Mysterious announcement from the Met Office

There's a news article just published at the Guardian reporting the announcement from the Met Office that "climate sceptics have their heads stuck in the sand".

Climate sceptics such as Nigel Lawson who argue that global warming has stopped have their "heads in the sand", according to the UK's Met Office. A recent dip in global temperatures is down to natural changes in weather systems, a new analysis shows, and does not alter the long-term warming trend. The office says average temperatures have continued their rising trend over the last decade, and that humans are to blame.In a statement published on its website, it says: "Anyone who thinks global warming has stopped has their head in the sand. "The evidence is clear, the long-term trend in global temperatures is rising, and humans are largely responsible for this rise. Global warming does not mean that each year will be warmer than the last."

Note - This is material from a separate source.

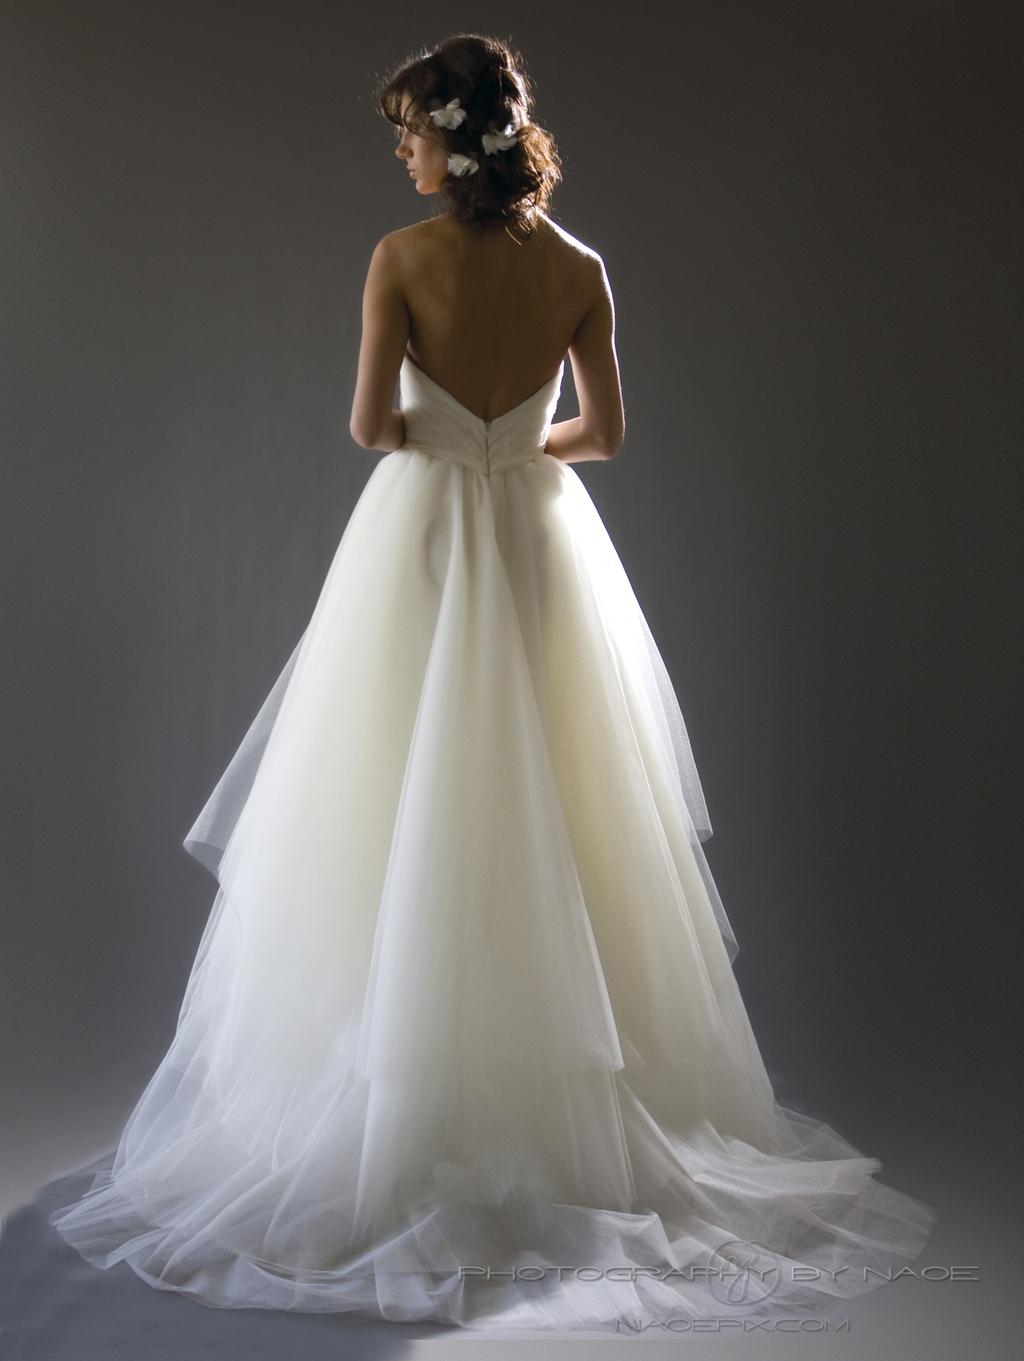 Wedding-dress-spring-2013-bridal_gown-cocoe-voci-3-back.full
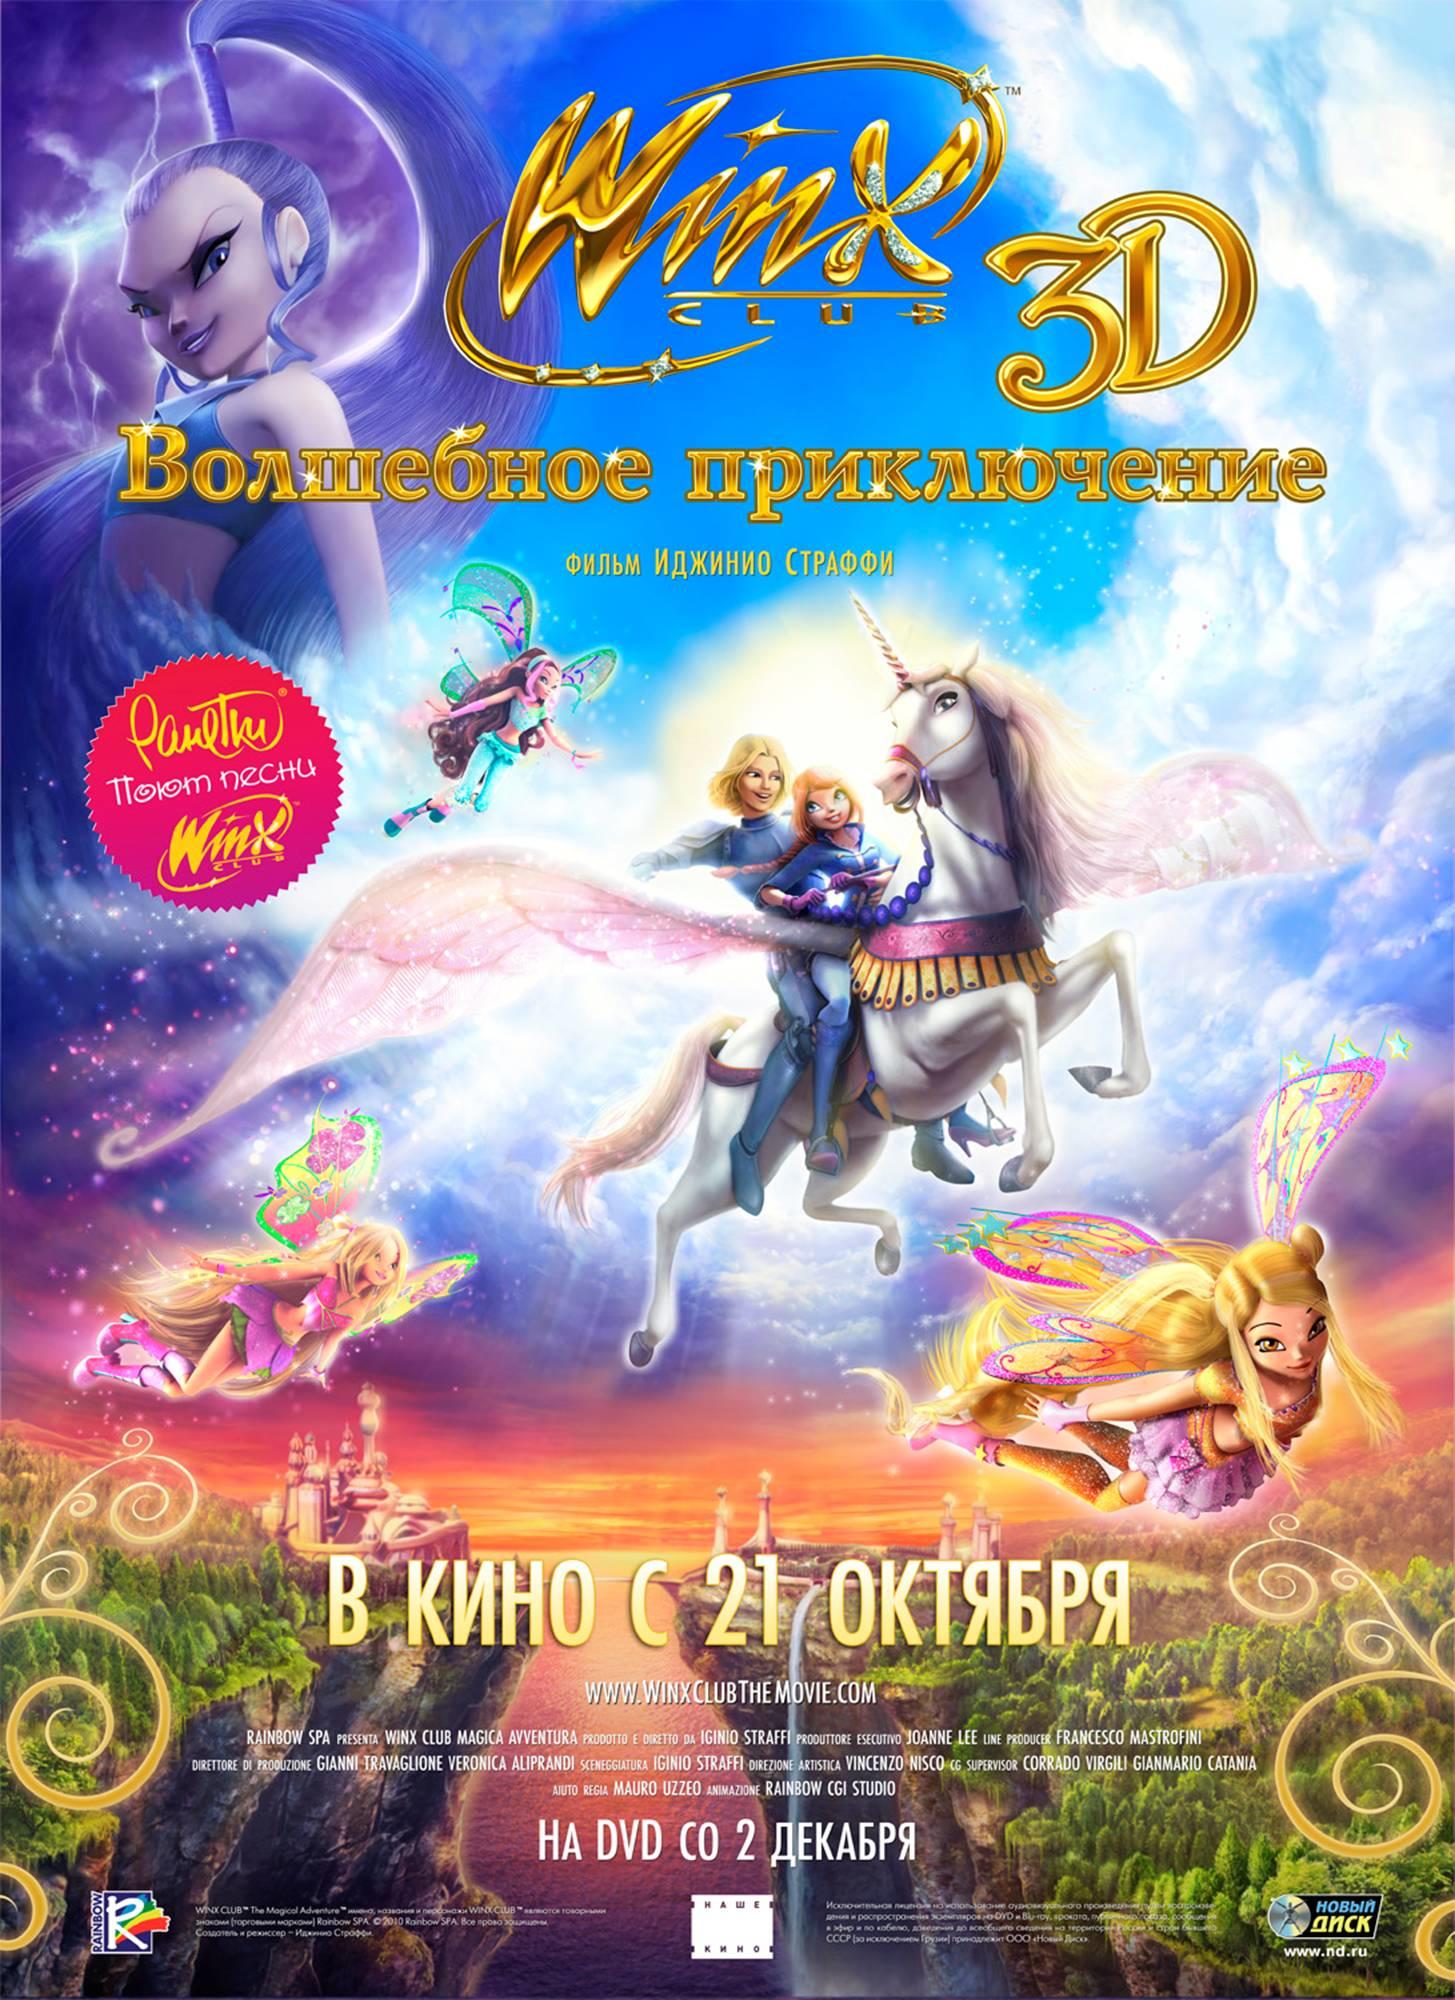 Клуб Винкс 3D: Волшебное приключение

This is all illustrated with a rather nice graph which looks like this:

Two things jump out at me here. The first is the caption, "Brohan et al 2006". It's remarkable that a paper published in 2006 can analyse temperatures up to 2007, don't you think? Perhaps this is something to do with the Met Office's much-vaunted forecasting abilities?

A little research shows that Brohan et al 2006 was, in fact, the paper where the HADCRUT3 temperature series was announced to the world. This seems to suggest then that this "new analysis" is not actually a peer-reviewed study, but is just somebody bashing some numbers out.

Actually, I don't have a problem with somebody just bashing some numbers out. If the analysis is good, the analysis is good, and whether it's peer-reviewed or not is irrelevant. It would have been more honest of the Met Office and the Guardian to make this fact plain though. But another question then arises: if they've just taken the data and calculated some trends, why have they only used data up to 2007?

Ah, yes, the 2008 figures have dropped precipitously, haven't they?

So, this looks to me as if the Met Office is indulging in a little propagandising. Plus ca change and all that...

One last mystery though. When I look up the Met Office's media pages, there's no sign of the press release at all. Do you think they pulled it?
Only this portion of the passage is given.